Action item
From the records below, copy out exactly the lines from the one containing "16 апреля - День" to the one containing "St Petersburg oude", both included. Add nothing else.

Data supplied
***
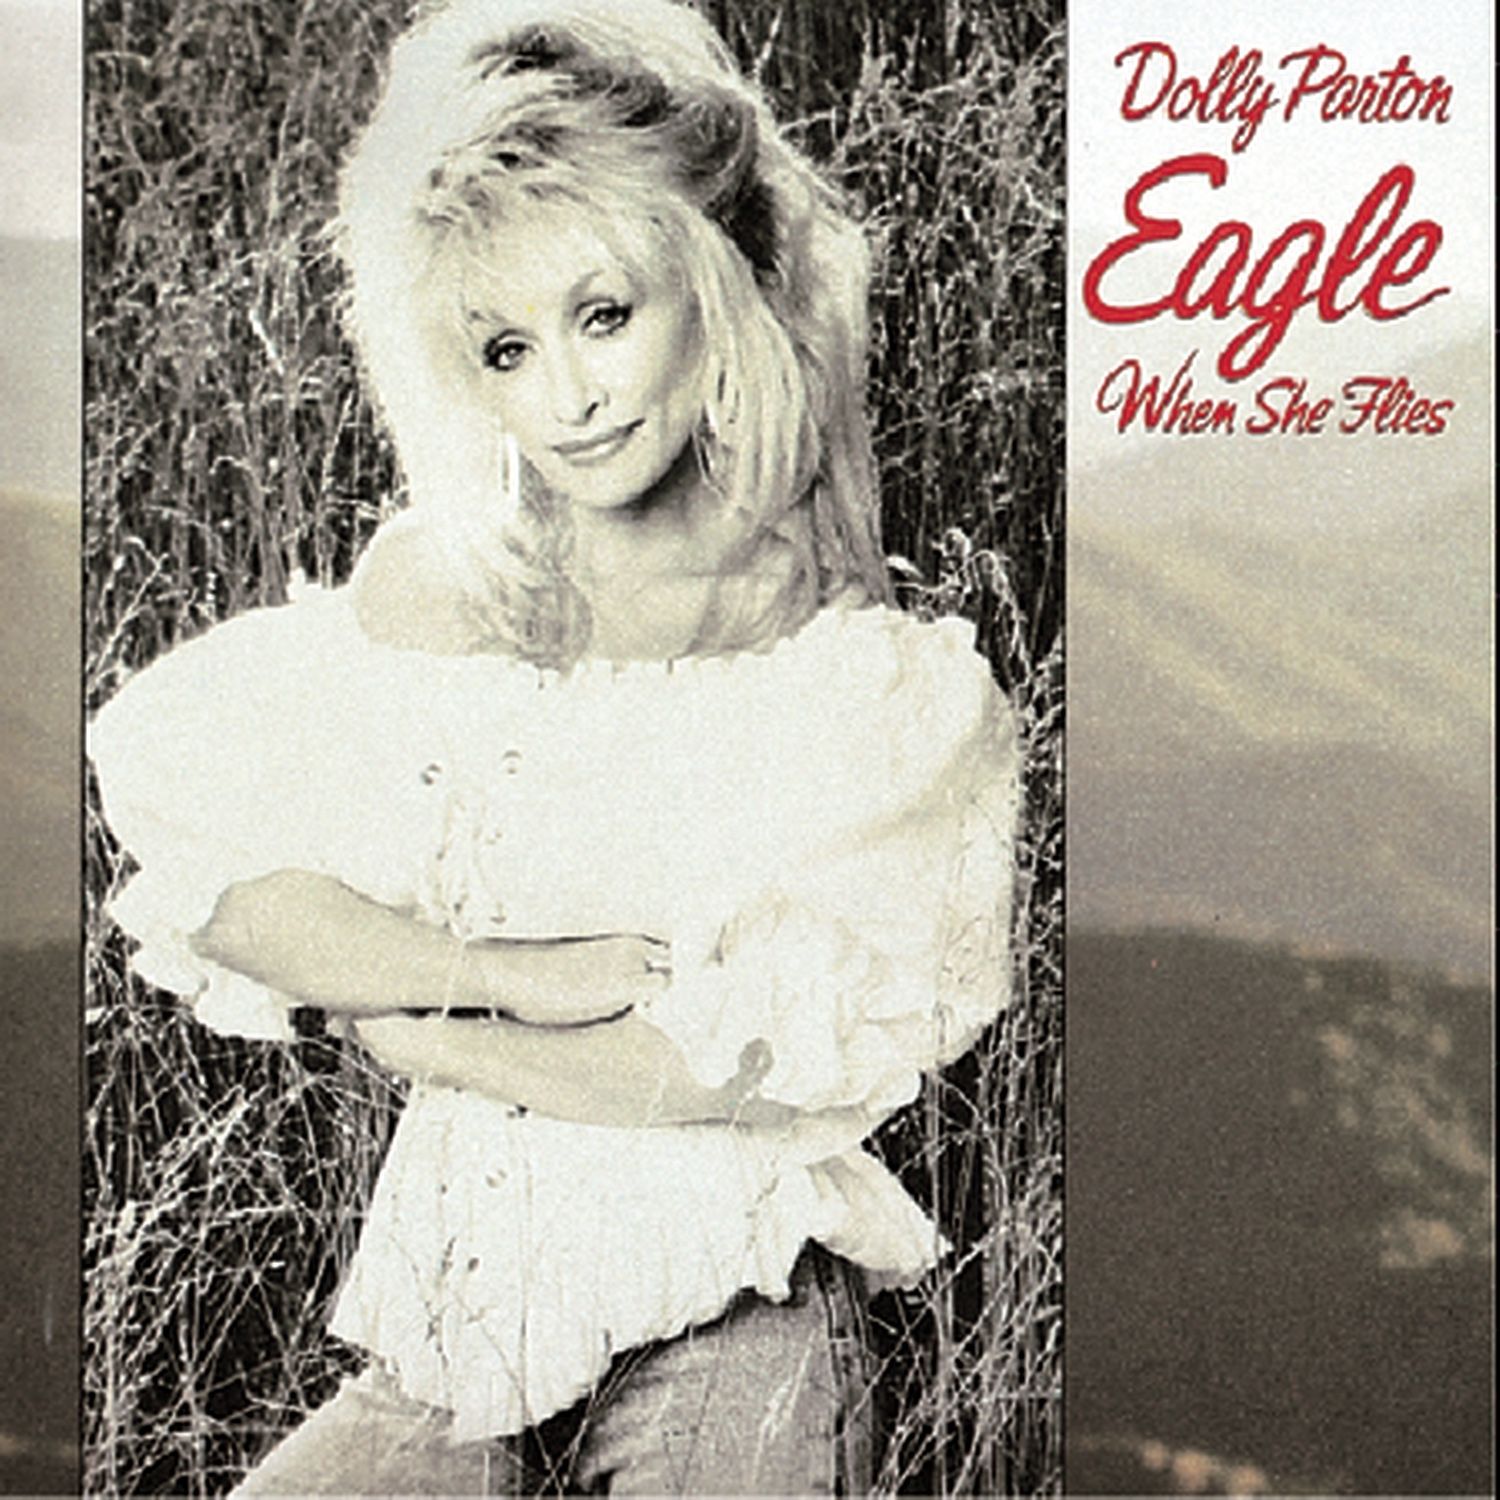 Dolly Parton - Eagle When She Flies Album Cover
***
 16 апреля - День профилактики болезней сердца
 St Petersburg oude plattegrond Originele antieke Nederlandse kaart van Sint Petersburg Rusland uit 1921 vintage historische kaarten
***
Completed exercise
 16 апреля - День профилактики болезней сердца
 St Petersburg oude plattegrond Originele antieke Nederlandse kaart van Sint Petersburg Rusland uit 1921 vintage historische kaarten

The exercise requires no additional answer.